An exact reprint of the listing is required, with no pictures included.

START Data section

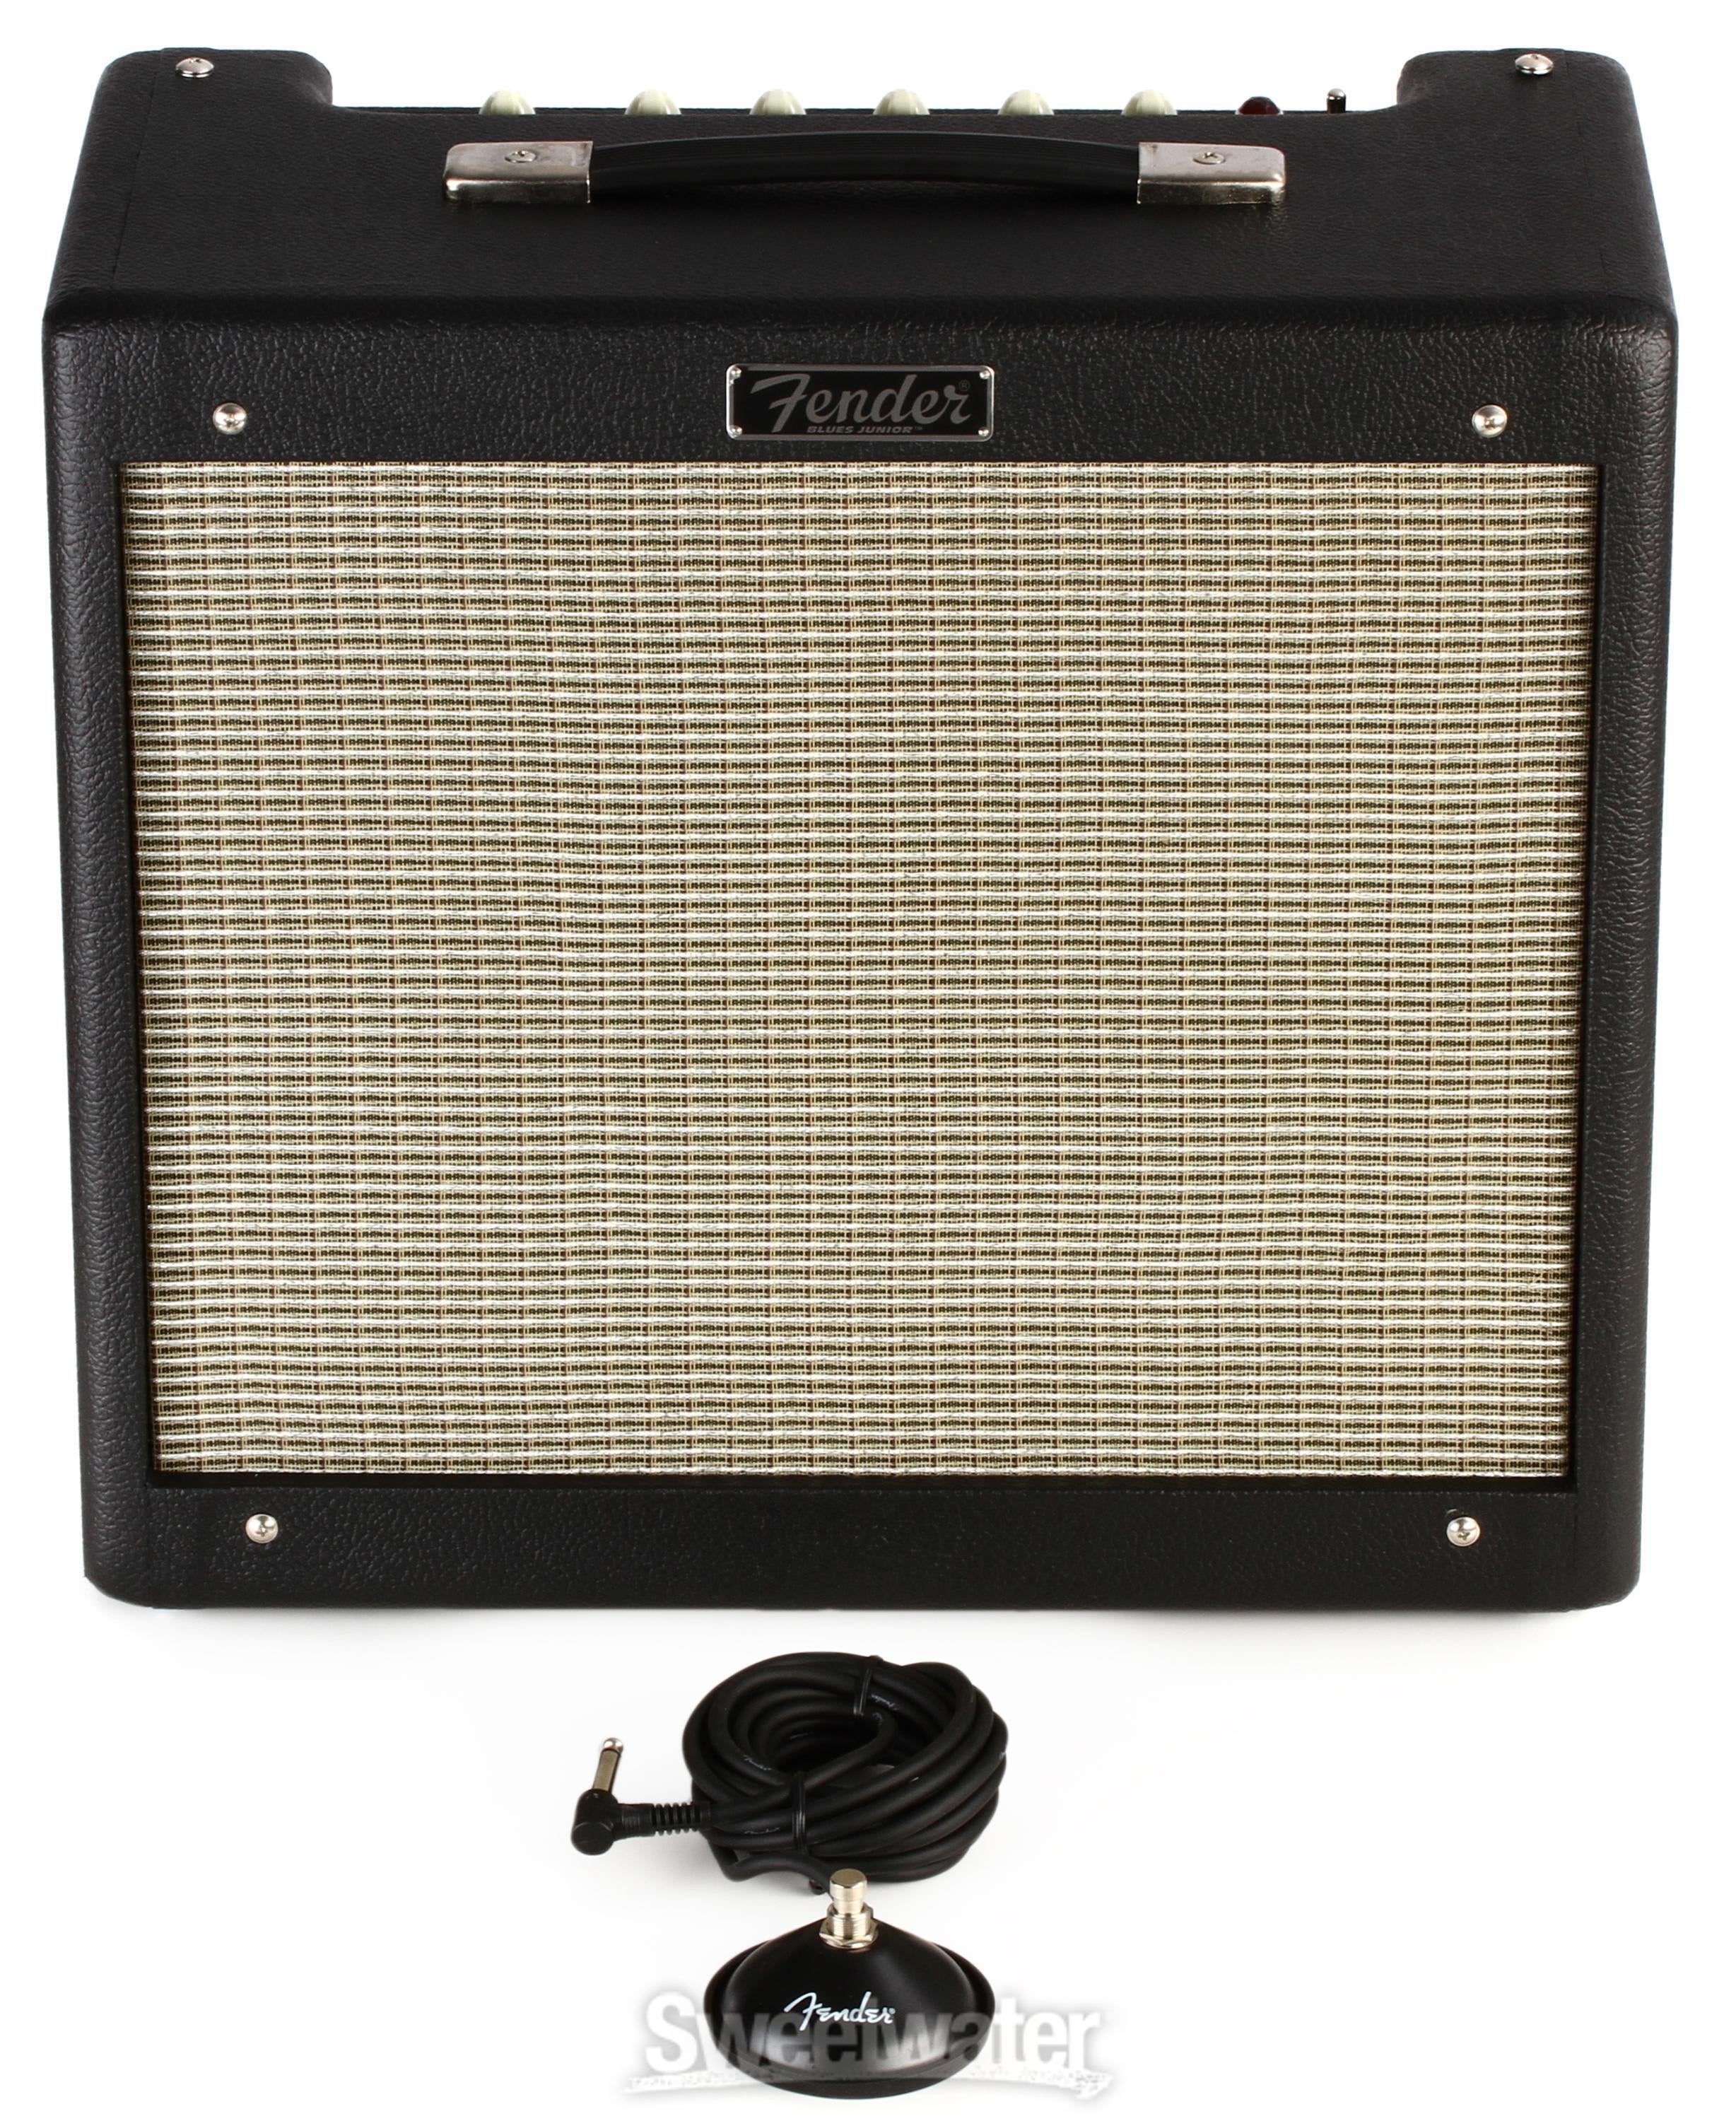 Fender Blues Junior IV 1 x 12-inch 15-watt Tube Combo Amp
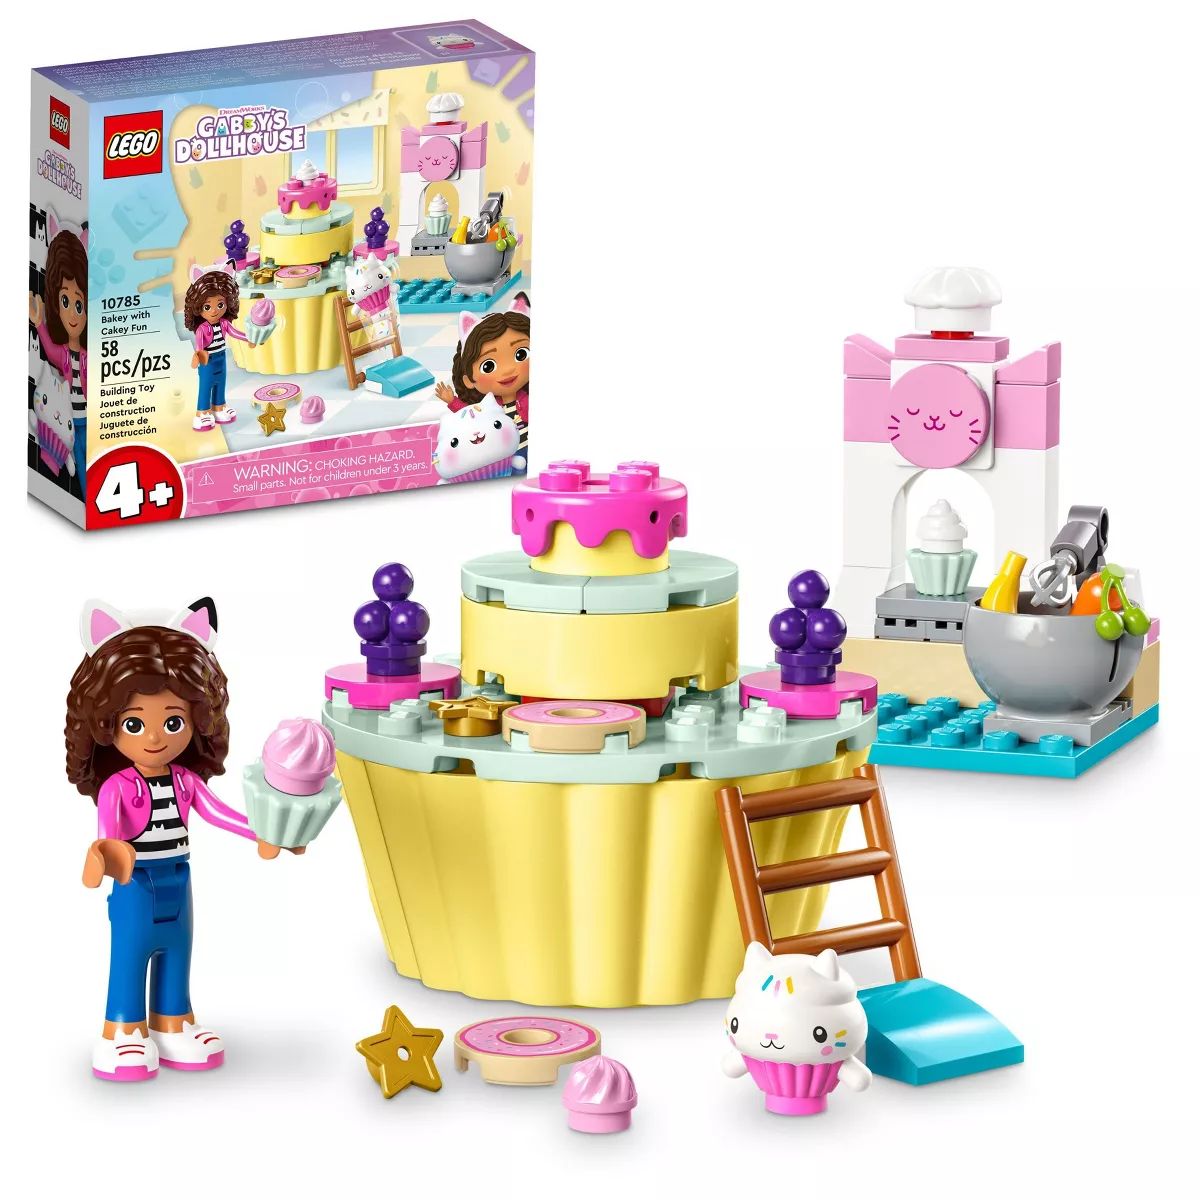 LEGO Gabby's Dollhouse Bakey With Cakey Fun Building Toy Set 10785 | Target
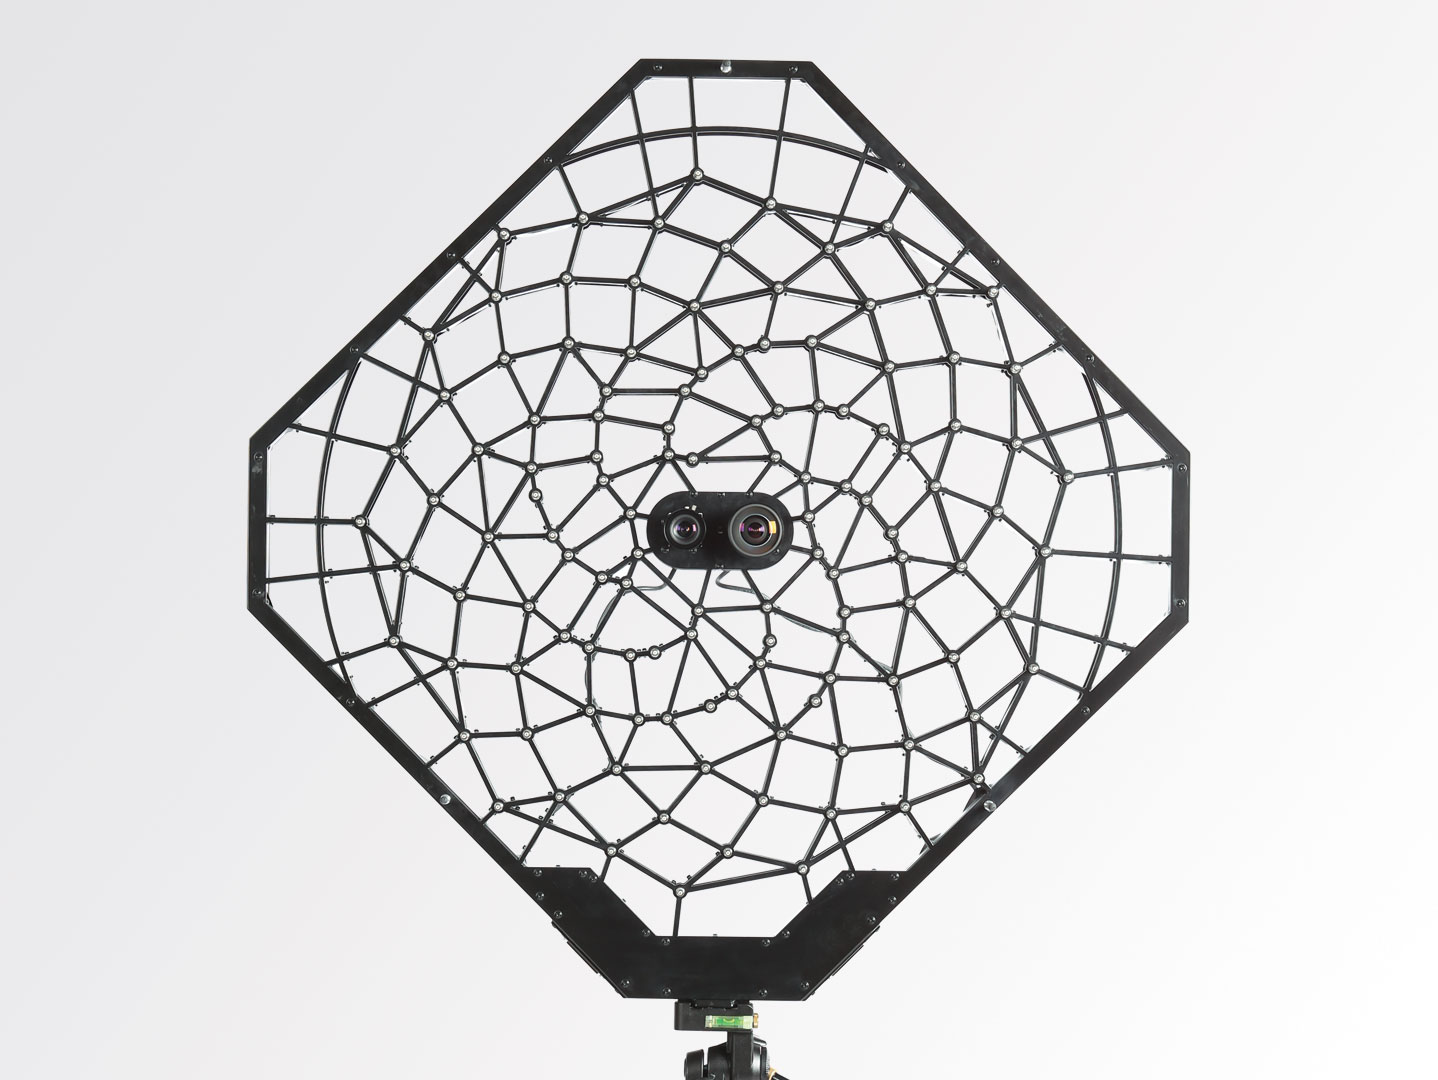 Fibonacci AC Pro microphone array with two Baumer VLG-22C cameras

END Data section

● Exercise solution:
 Fender Blues Junior IV 1 x 12-inch 15-watt Tube Combo Amp
 LEGO Gabby's Dollhouse Bakey With Cakey Fun Building Toy Set 10785 | Target
 Fibonacci AC Pro microphone array with two Baumer VLG-22C cameras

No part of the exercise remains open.